Orang-Utans nutzen in freier Wildbahn zwar Pflanzenmaterial, aber keine Steine als Werkzeuge – im Gegensatz zu Schimpansen, Kapuzineraffen und Langschwanzmakaken. Ganz allgemein gilt aber nach wie vor: „Es gibt jedoch keine Berichte über die Herstellung von Steinwerkzeugen (bei der ein Steinwerkzeug für den späteren Gebrauch hergestellt wird) bei wildlebenden Primaten“ (Motes-Rodrigo et al. 2022). Die wenigen menschlich aufgezogenen (kultivierten) Menschenaffen, die bisher Steinwerkzeuge herstellen und auch zum Schneiden benutzen konnten, hatten für das Herstellen von Steinwerkzeugen intensives menschliches Training erhalten. Motes-Rodrigo et al. (2022) halten es aber für möglich, dass stark menschlich kultivierte Menschenaffen „kognitiv“ nicht „repräsentativ“ für ihre wilden Artgenossen sowie für den postulierten letzten gemeinsamen Vorfahr von Mensch und Schimpanse sein könnten. Daher haben diese Forscher das Steinwerkzeugverhalten bei fünf nicht menschlich kultivierten (d. h. naiven) und mit Steinen ungeübten Orang-Utans aus zwei Zoos untersucht.

Im Zoo Kristiansand (Norwegen) stattete man zwei Männchen mit Hammer, Steinkern und zwei verschlossenen Boxen mit Nahrung aus (eine Box mit einem Seil und eine mit einer Silikonmembran verschlossen). Anschließend stellte man ihnen auch von Menschen hergestellte Steinsplitter zur Verfügung und lenkte ihre Aufmerksamkeit auf die Steinmaterialien (mittels Tauschbelohnungen für Steinsplitter und mittels auf den Steinkern geklebter Splitter, die sich beim Schlagen lösen sollten). Und tatsächlich öffnete der junge Loui (7 Jahre alt) die Silikonmembran der einen Box, indem er ein einziges Mal einen vom Menschen hergestellten Steinsplitter in den Mund nahm und damit erfolgreich die Silikonmembran durchstieß. Beide Orang-Utans schlugen auch mit den Objekten auf die Wand und den Boden des Geheges. Bei Loui lösten sich dabei einmalig beim Schlagen mit dem Steinkern drei scharfe Steinsplitter, die dieser weder als Werkzeug noch als Tauschobjekt gegen Trauben benutzte. Die Splitter waren zwischen 1,9 g und 0,3 g schwer – der größte hatte eine Schlagplattform und der kleinste einen Schlagpunkt.

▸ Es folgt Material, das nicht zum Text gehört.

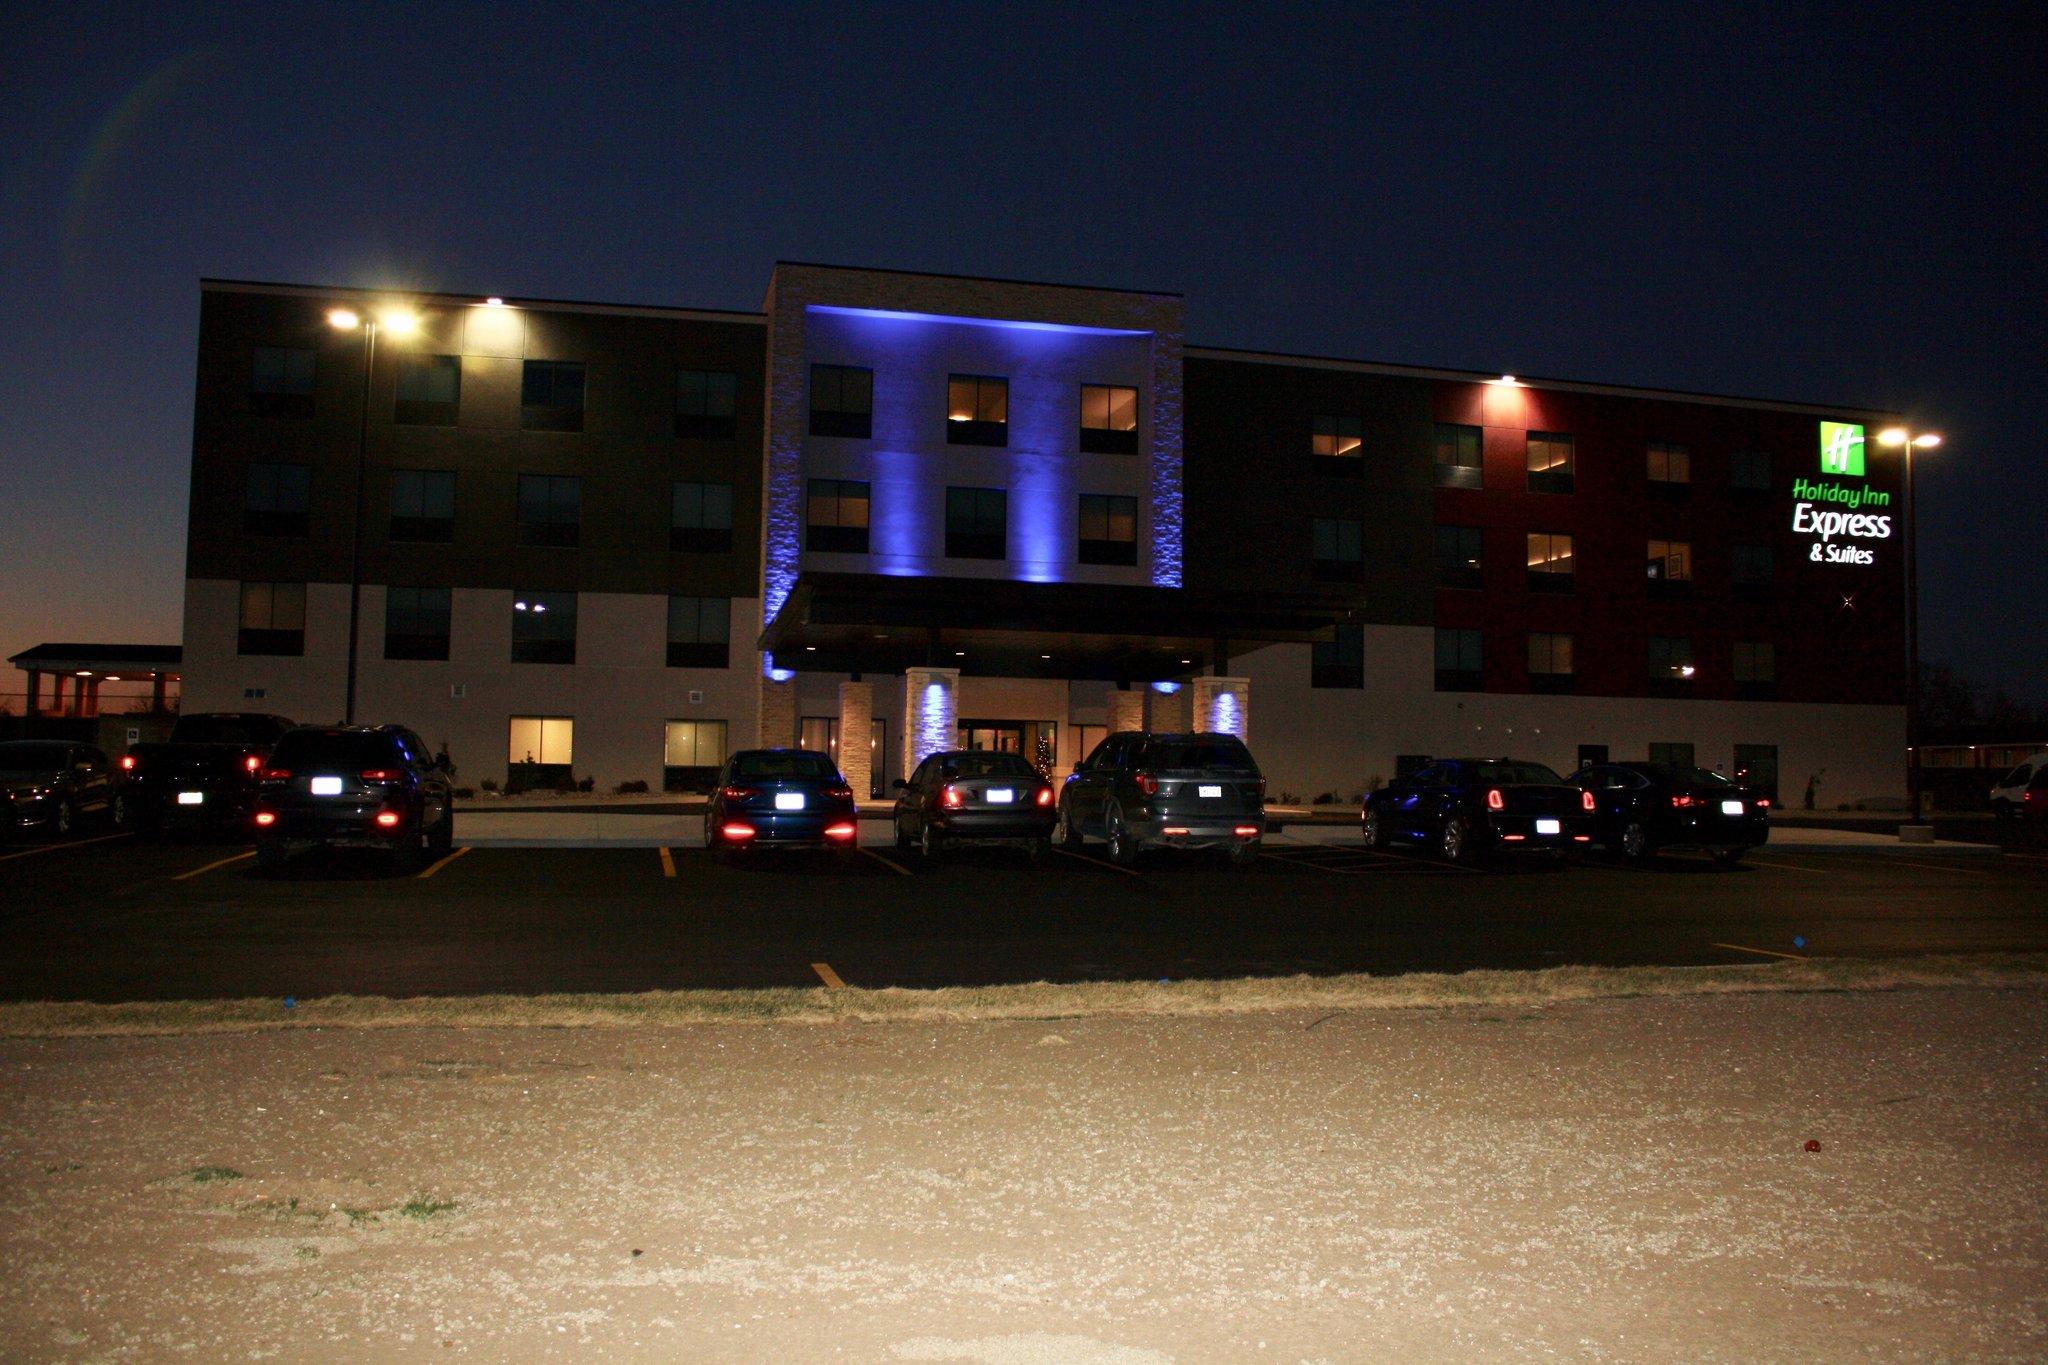 Holiday Inn Express Stes University Area
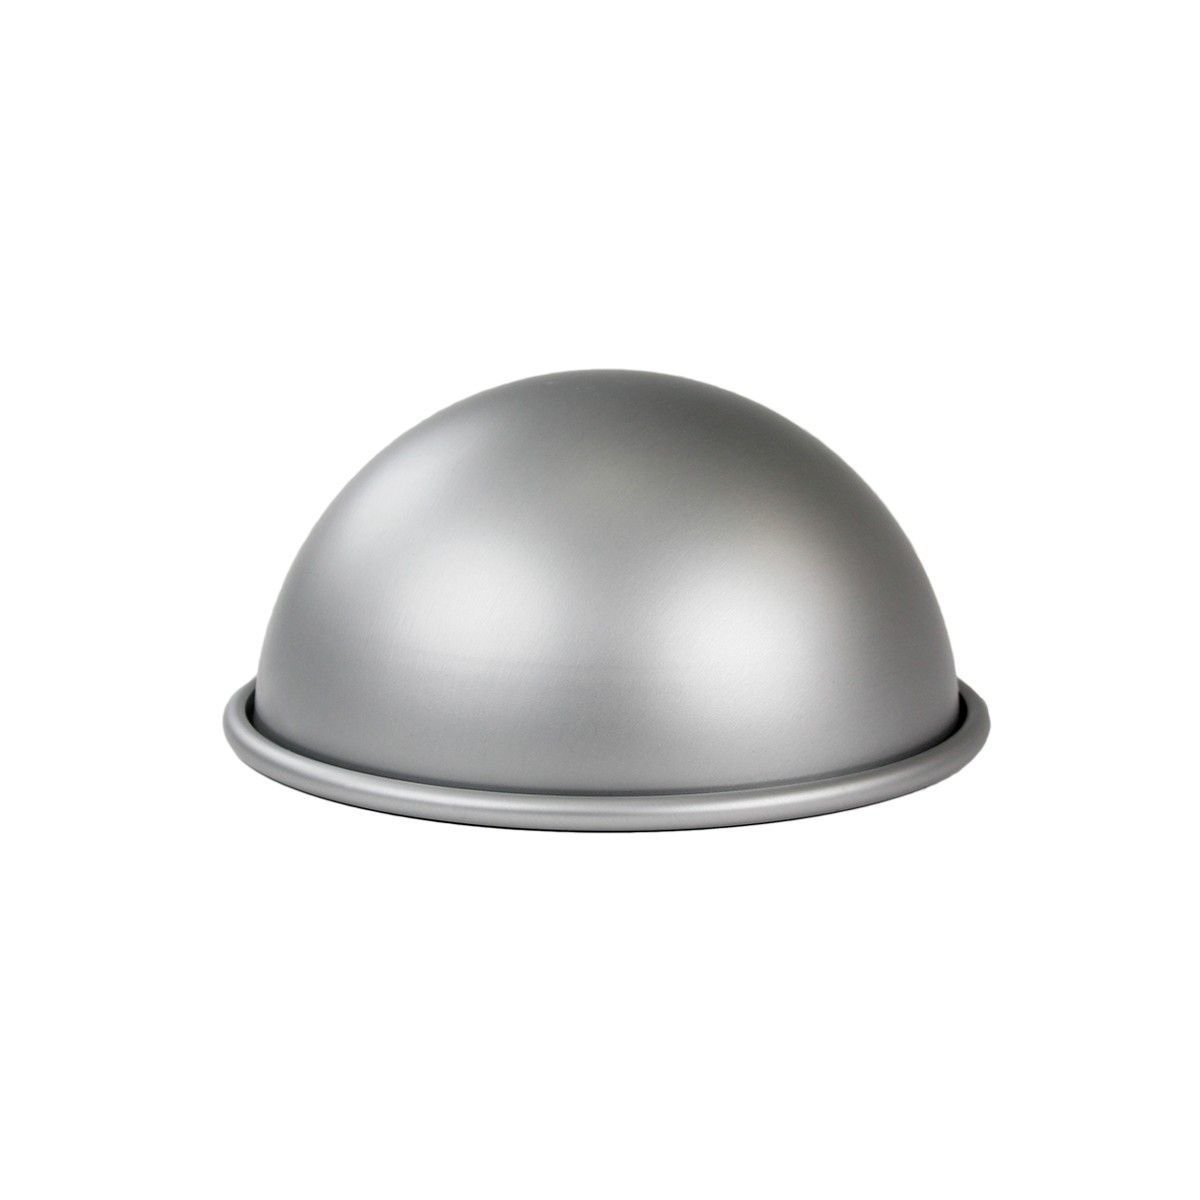 PME - Large Ball Pan Hemisphere - Μεγάλο Ταψί Ημισφαίριο - 20x10εκ

Figure 1. Abb. 1 Nicht menschlich kultivierte Orang-Utans können zwar Holzwerkzeuge, aber keine selbst hergestellten Steinwerkzeuge nutzen.

Drei Weibchen aus dem Zoo Atherstone (UK) wurde mindestens 27-mal die Herstellung von Steinsplittern sowie das Aufschneiden der Futterbox mit Belohnung durch einen menschlichen Trainer vorgemacht. Dann bekamen die Orang-Utans Hammer, Steinkern, die beiden Boxen mit Belohnung und später auch bereits fertige Steinsplitter zur Verfügung gestellt. Aber nur das junge Weibchen Molly führte überhaupt Schlagbewegungen mit Objekten gegen den Boden, die Wand oder andere Objekte aus (nach der menschlichen Demonstration sogar drei Mal mit dem Hammer auf den Steinkern). Aber nur bei einem Schlag mit dem Hammer aus Beton gegen Wand oder Boden lösten sich aus diesem sechs Betonstücke; diese leckte Molly aber nur ab und benutzte sie nicht zum Schneiden, obwohl manche davon scharf genug waren.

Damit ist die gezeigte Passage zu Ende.